Truthfully, the ridiculous requests written into actors' contracts have to be seen to be believed. So go ahead and click through the following eccentricities if you've ever wondered, for whatever reason, what's hiding in an actor's contract. You'll be tickled - and shocked.
One day, long ago, after a presumably poor bathroom experience, Barbra Streisand decided that all future bathrooms in her life would need to have peach-colored toilet paper to match her complexion. Her acting contracts also regularly demand that rose petals be in her toilets, for lesser known reasons.
These demands may be to ensure that she looks and smells her best if paparazzi ever decide to create an album of pooping celebrities.

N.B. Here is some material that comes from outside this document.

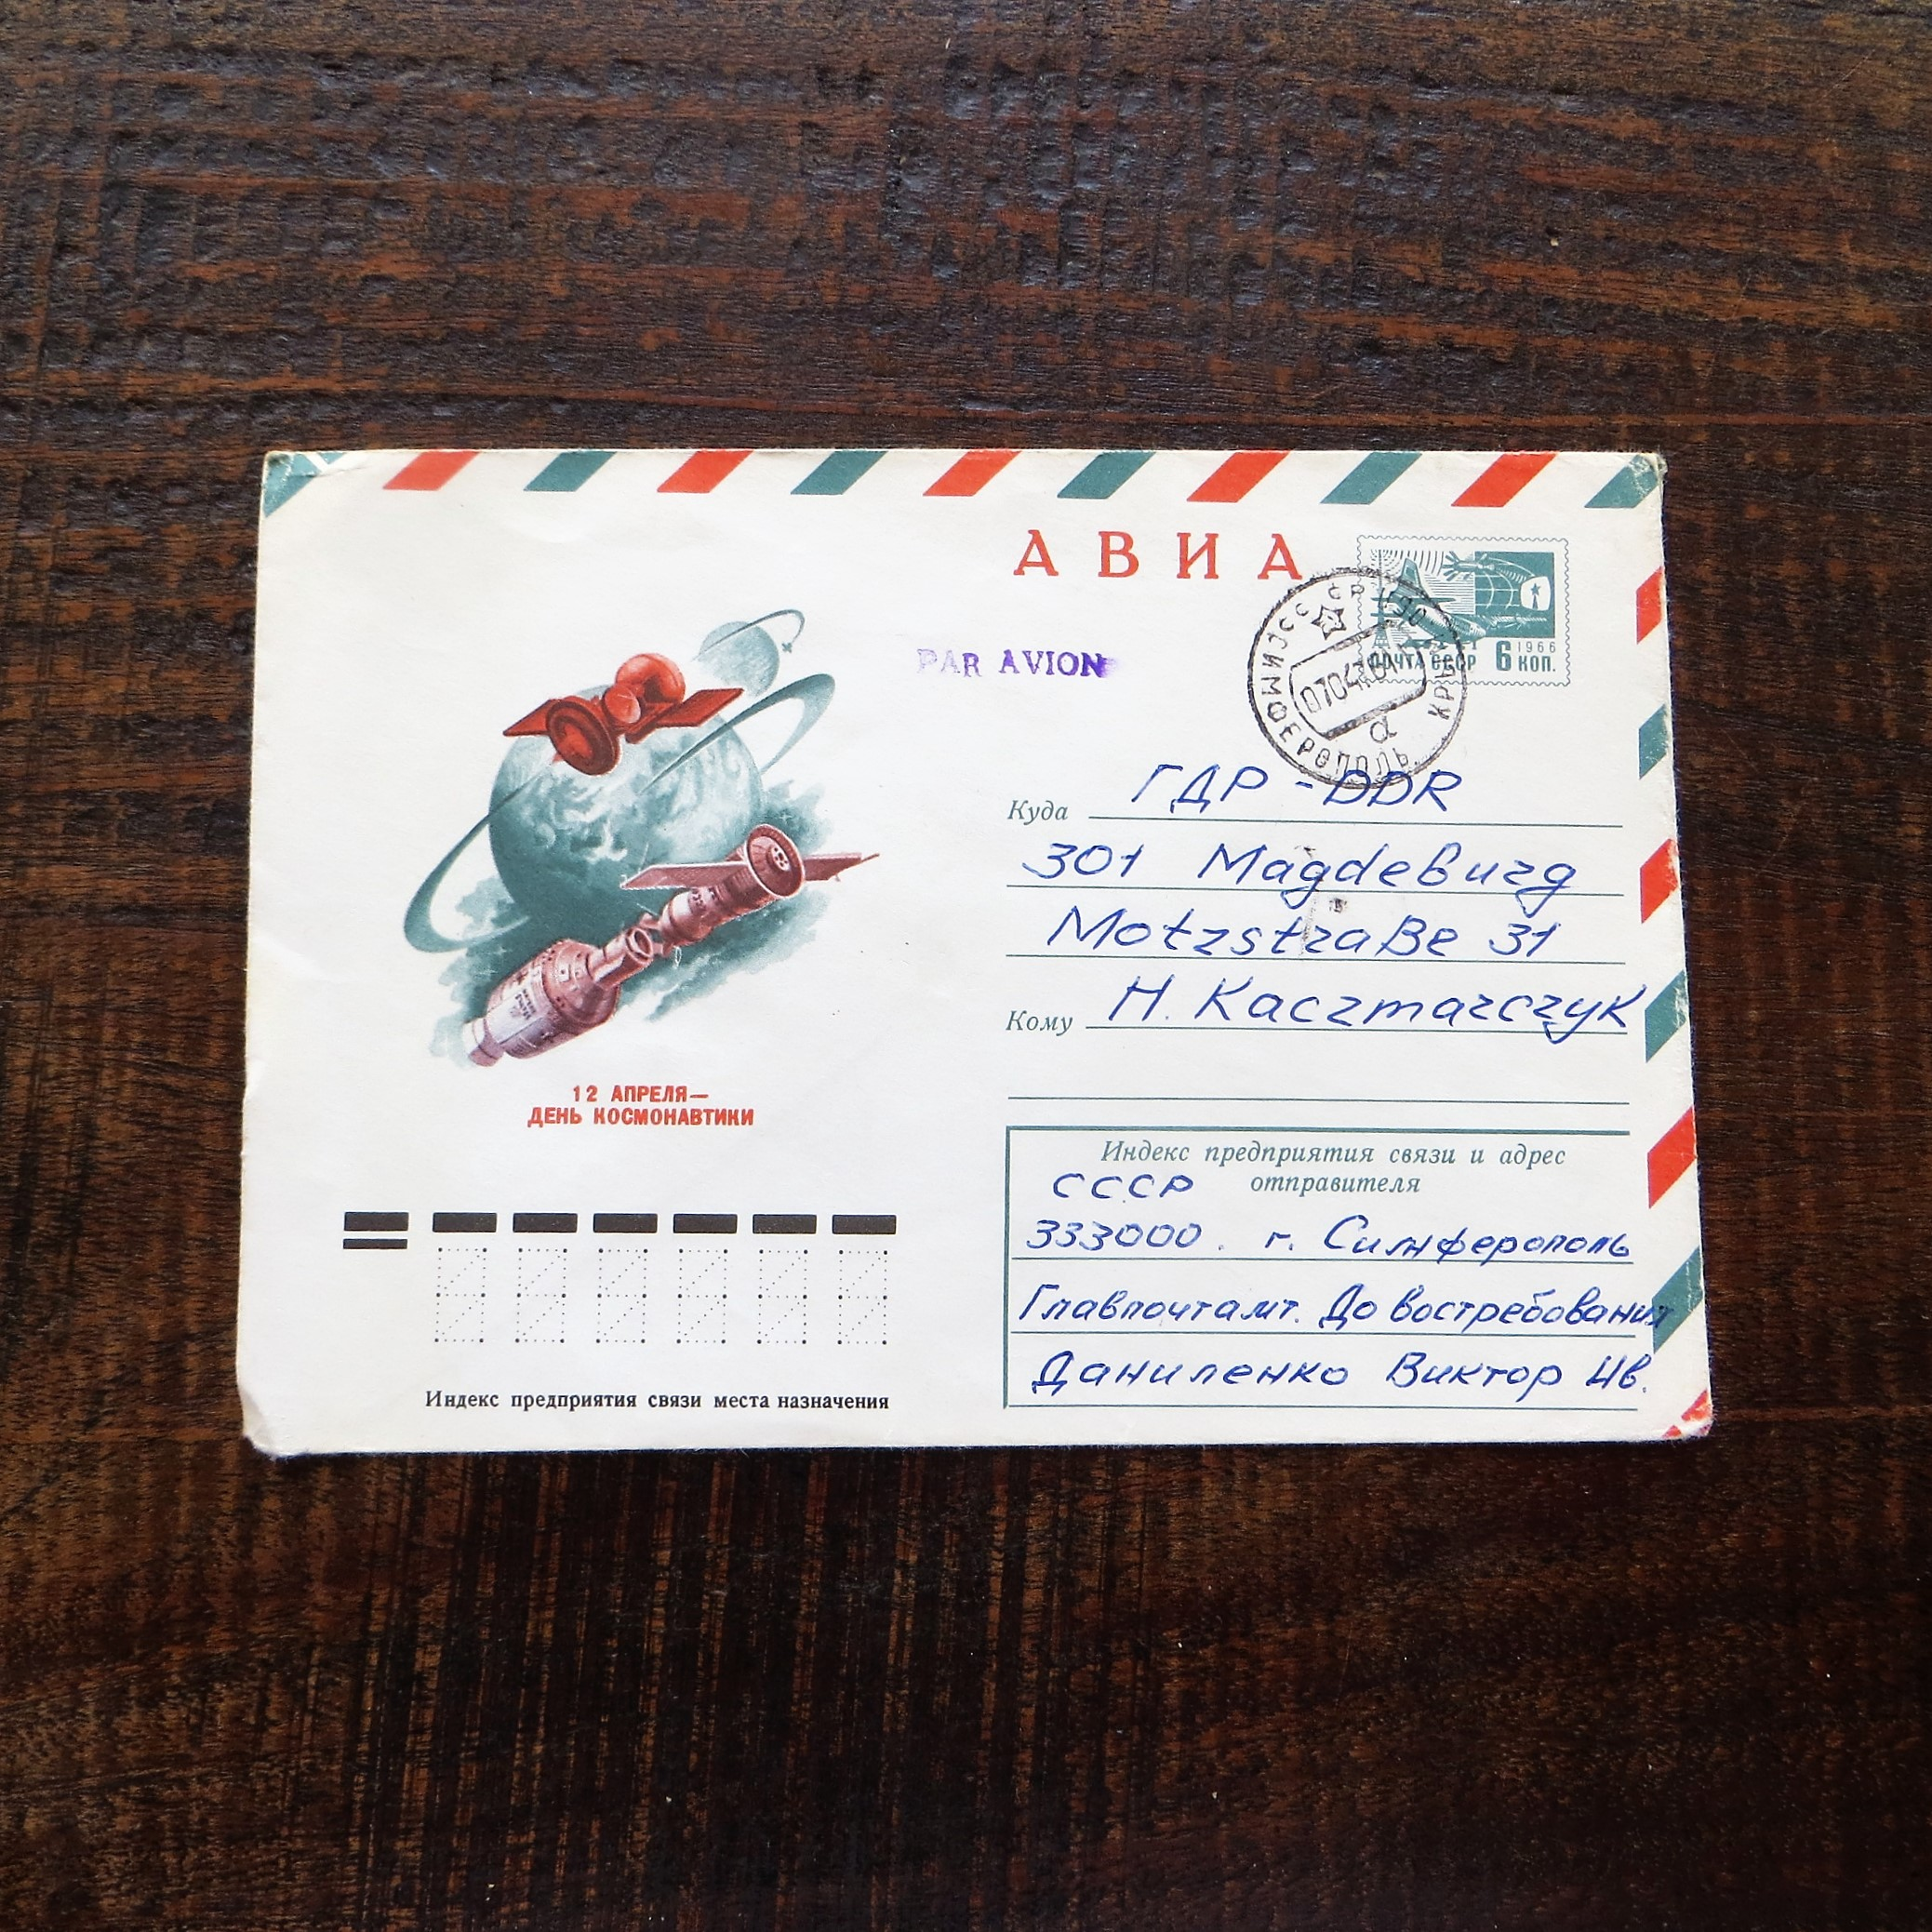 fdc-cosmonautics-day-1976-1

Uma Thurman doesn't need new friends. That's why she requested that while filming Eloise in Paris (which never actually got made) "no other cast member [would] receive more favorable dressing rooms."
"But Uma, your co-stars asked for 1,800 thread-count sheets"
"Then get me goddamned 1,801 thread-count sheets I SAID GODDAMN."
Uma Thurman's contract for Eloise in Paris included a clause about Thurman's right to veto the decisions made by the movie's director or her co-stars. She also requested that she have access to three cell phones, which means she either had a burner phone for booty calls or she was working for the CIA.
After Universal's Mummy reboot flopped with audiences and critics, a juicy Variety piece revealed that star Tom Cruise was partly, if not mostly, to blame for the movie's failure. In addition to taking over directing duties and ordering around rookie filmmaker Alex Kurtzman, Cruise requested personal screenwriters to ensure that the film's dialogue was up to his own personal standards.
Ultimately, Cruise's compadres rewrote the entire script, so we have them to thank for The Mummy's cryptic, convoluted story.